▶ **Prompt**:
Pictures are not part of the copy; reproduce the remaining data exactly.

▶ **Stored data**:
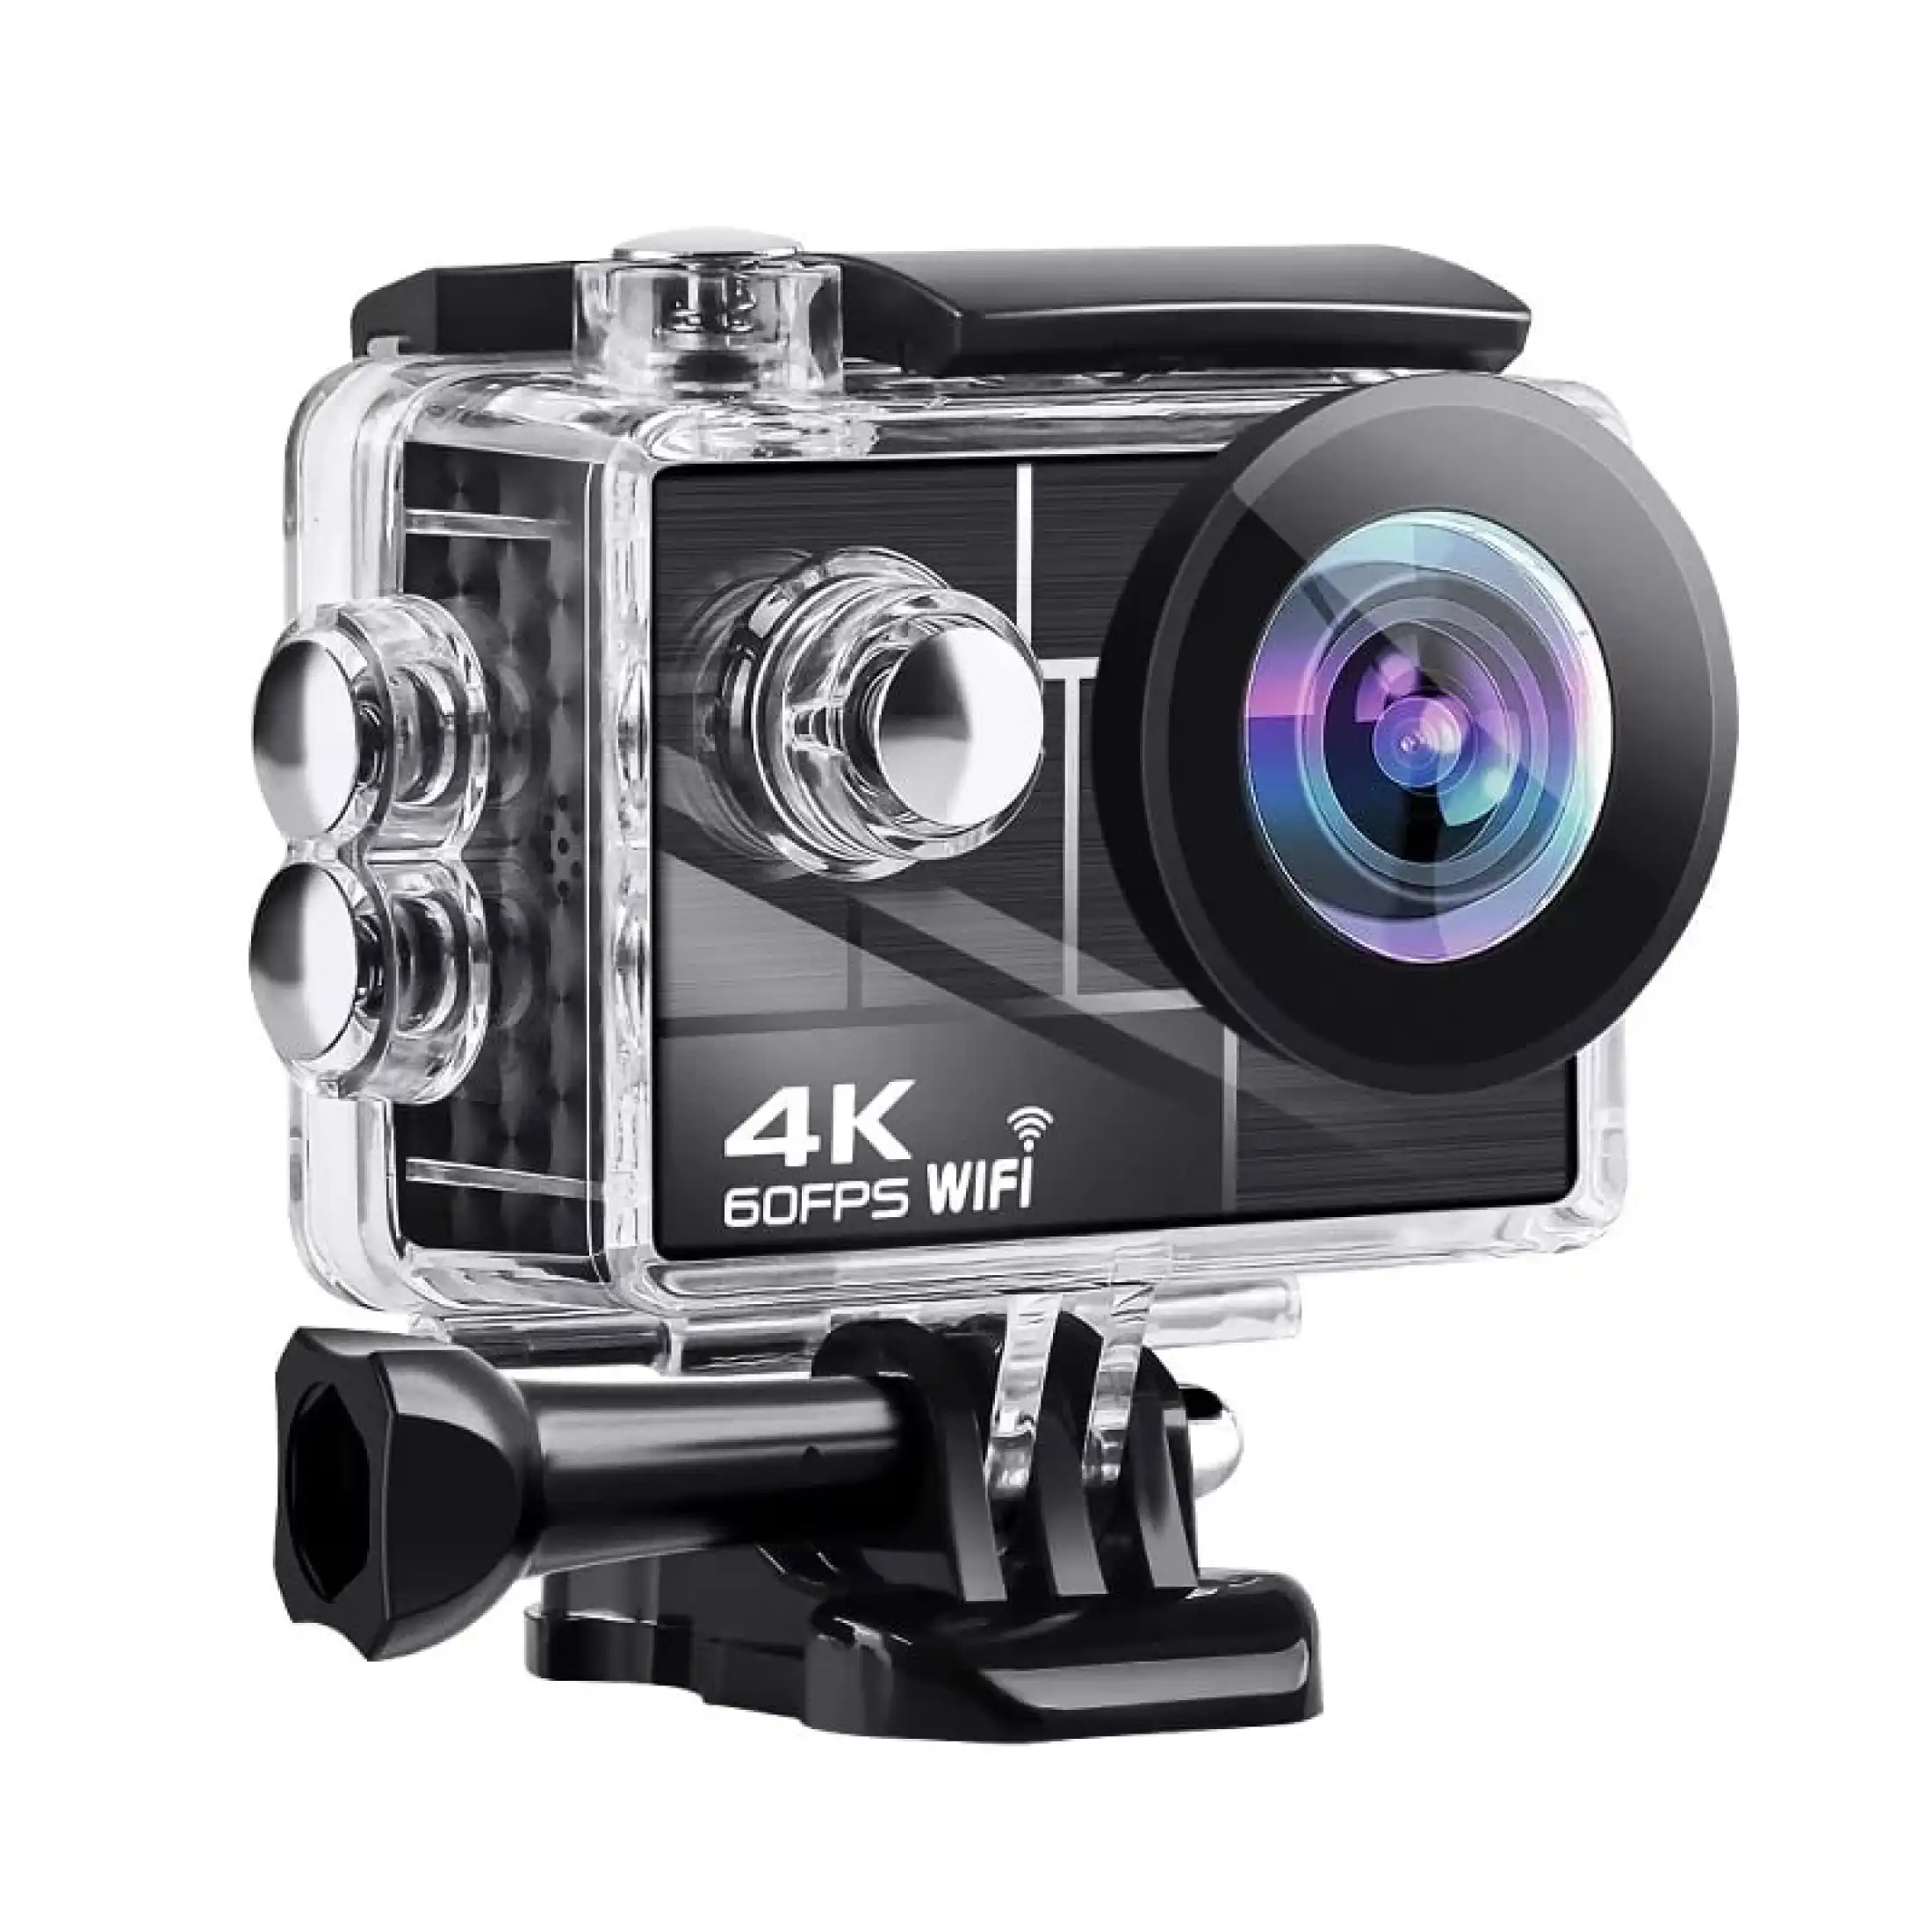 เกี่ยวกับ กล้องกันน้ำ 4K รุ่นใหม่ล่าสุด ถ่ายใต้น้ำ ชัดจริง 4Kแท้แน่นอน พร้อมรีโมท Sport camera Action camera 4K Ultra HD waterproof WIFI FREE Remote (ของแท้ 100%)- แบตอึดที่สุดถึง 1350
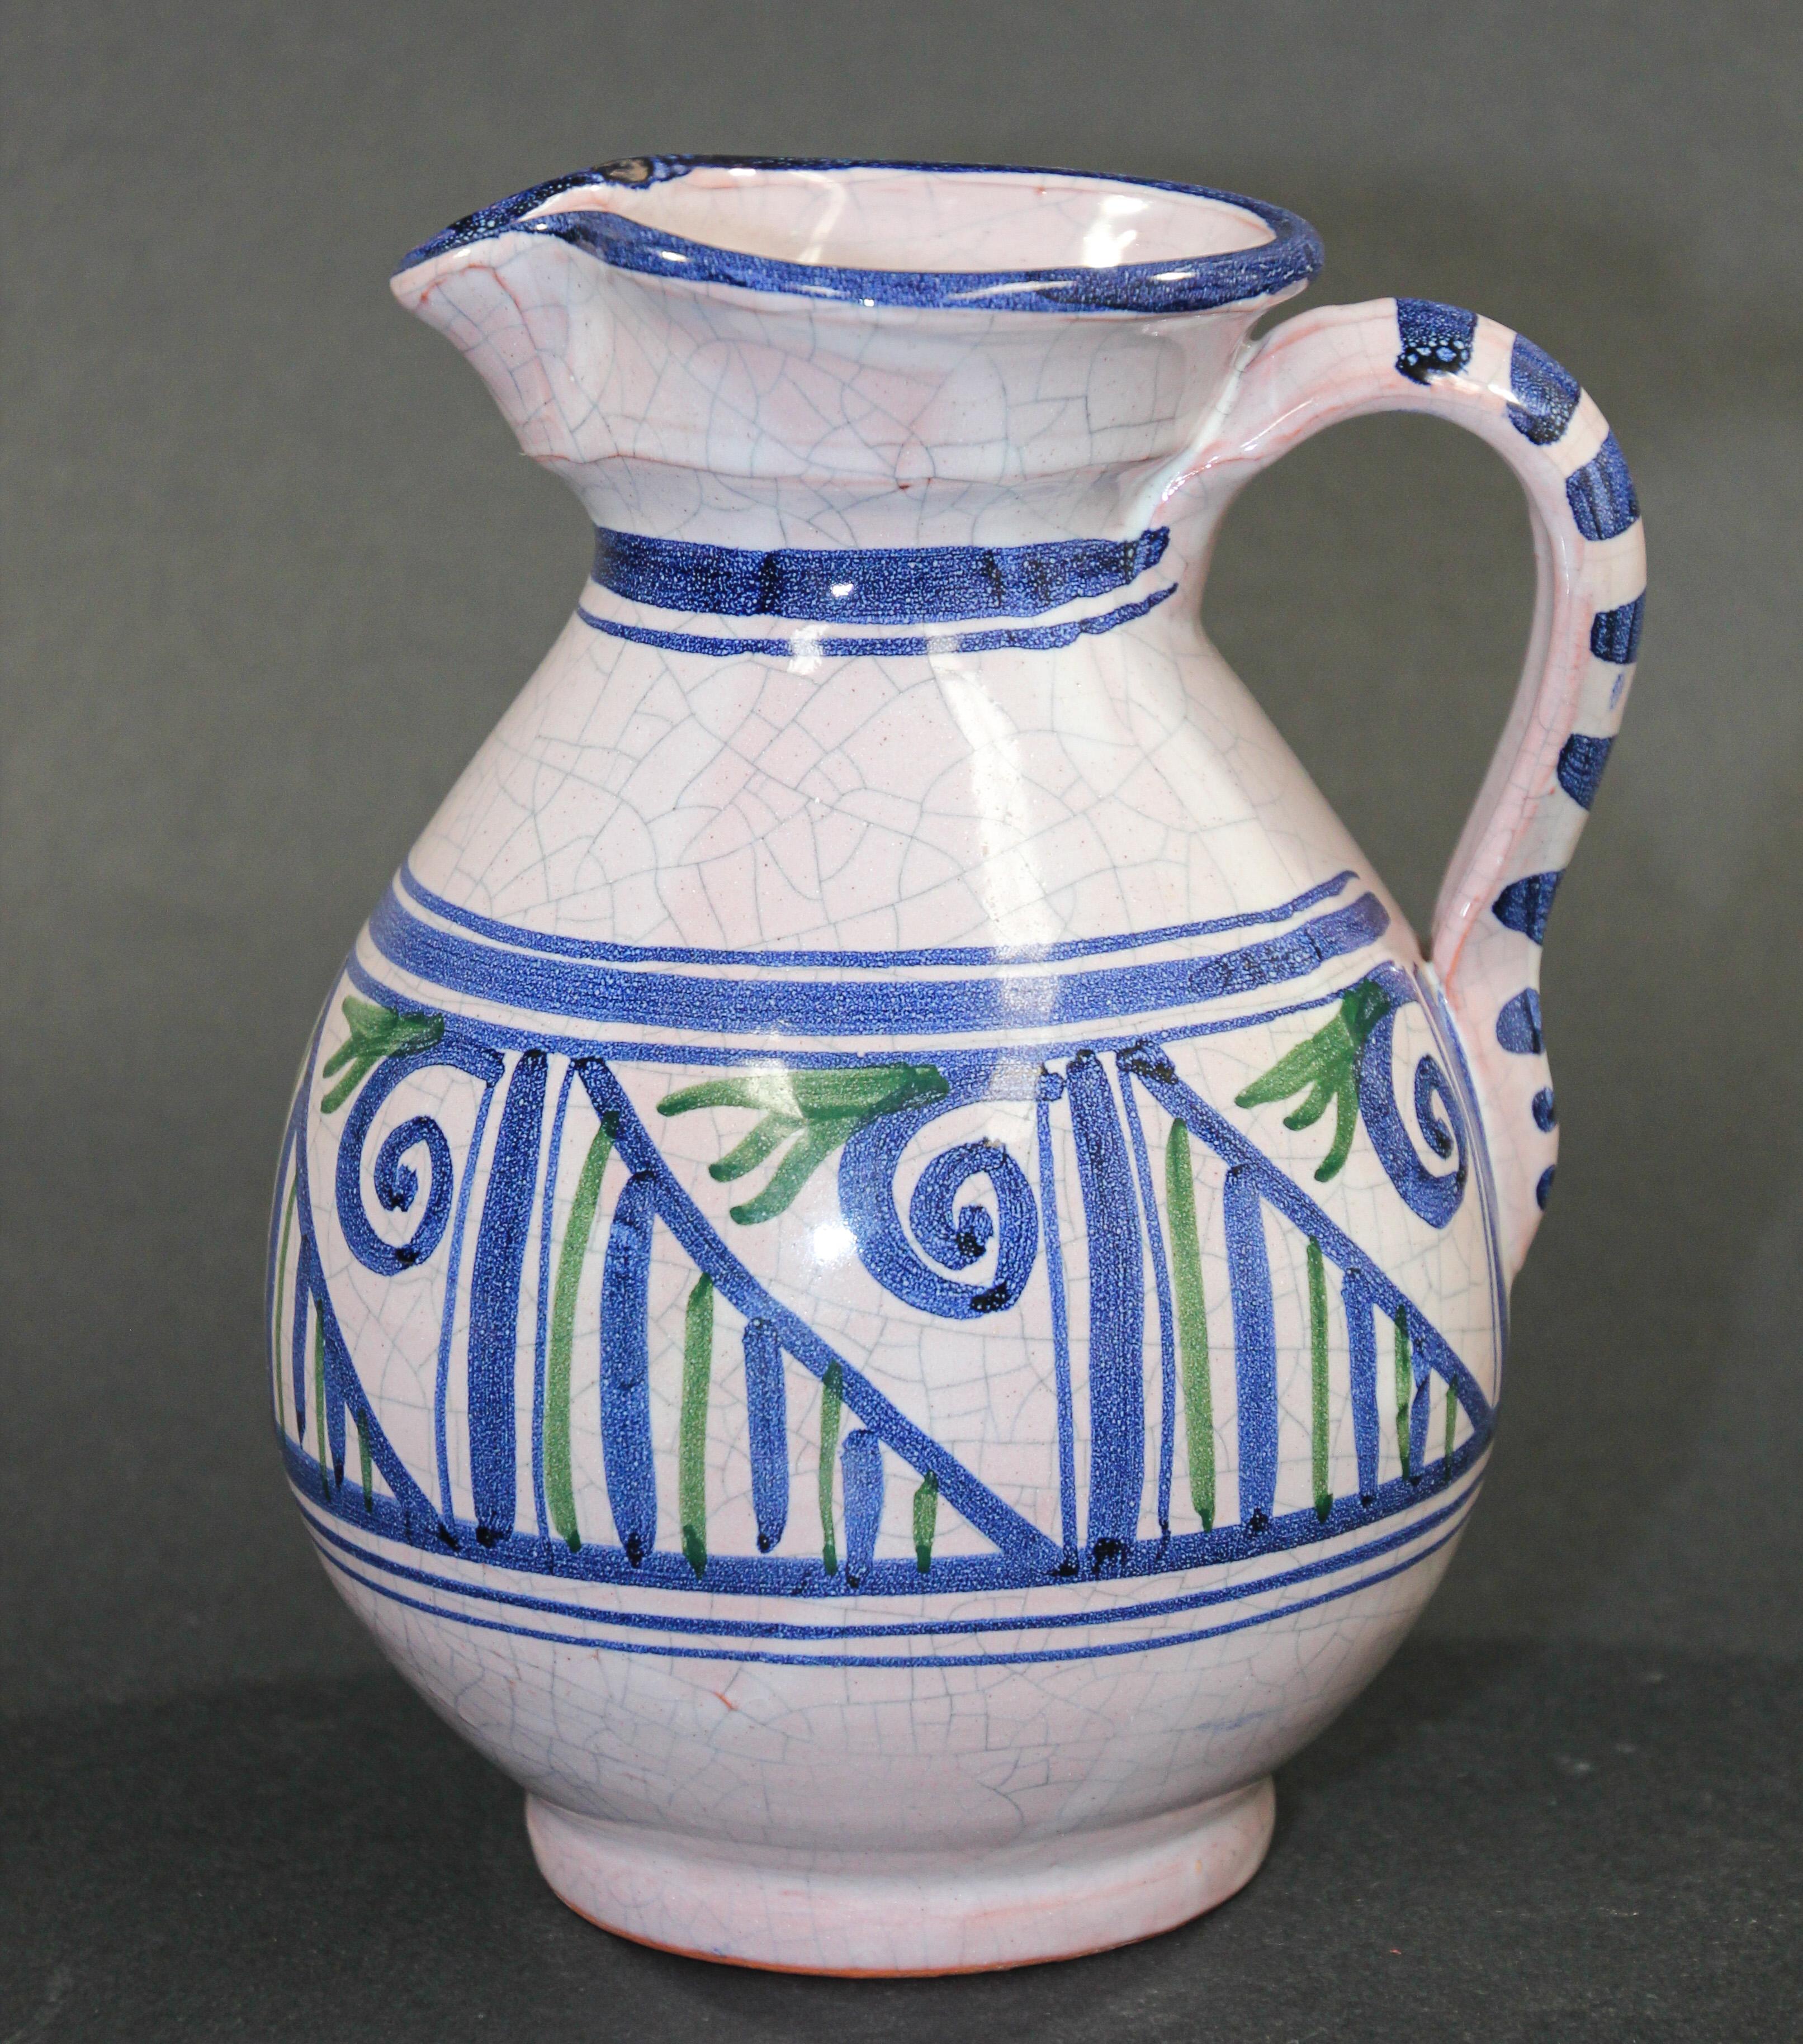 Glasierter, polychromer Keramikkrug oder Blumenvase aus Talavera mit blauem, grünem und weißem Muster.
Handbemalter Krug aus Talavera-Keramik, handgefertigt von qualifizierten Kunsthandwerkern in Spanien im Picasso-Stil.
Einzigartiges Stück

▶ **Response to this exercise**:
 เกี่ยวกับ กล้องกันน้ำ 4K รุ่นใหม่ล่าสุด ถ่ายใต้น้ำ ชัดจริง 4Kแท้แน่นอน พร้อมรีโมท Sport camera Action camera 4K Ultra HD waterproof WIFI FREE Remote (ของแท้ 100%)- แบตอึดที่สุดถึง 1350
 Glasierter, polychromer Keramikkrug oder Blumenvase aus Talavera mit blauem, grünem und weißem Muster.
Handbemalter Krug aus Talavera-Keramik, handgefertigt von qualifizierten Kunsthandwerkern in Spanien im Picasso-Stil.
Einzigartiges Stück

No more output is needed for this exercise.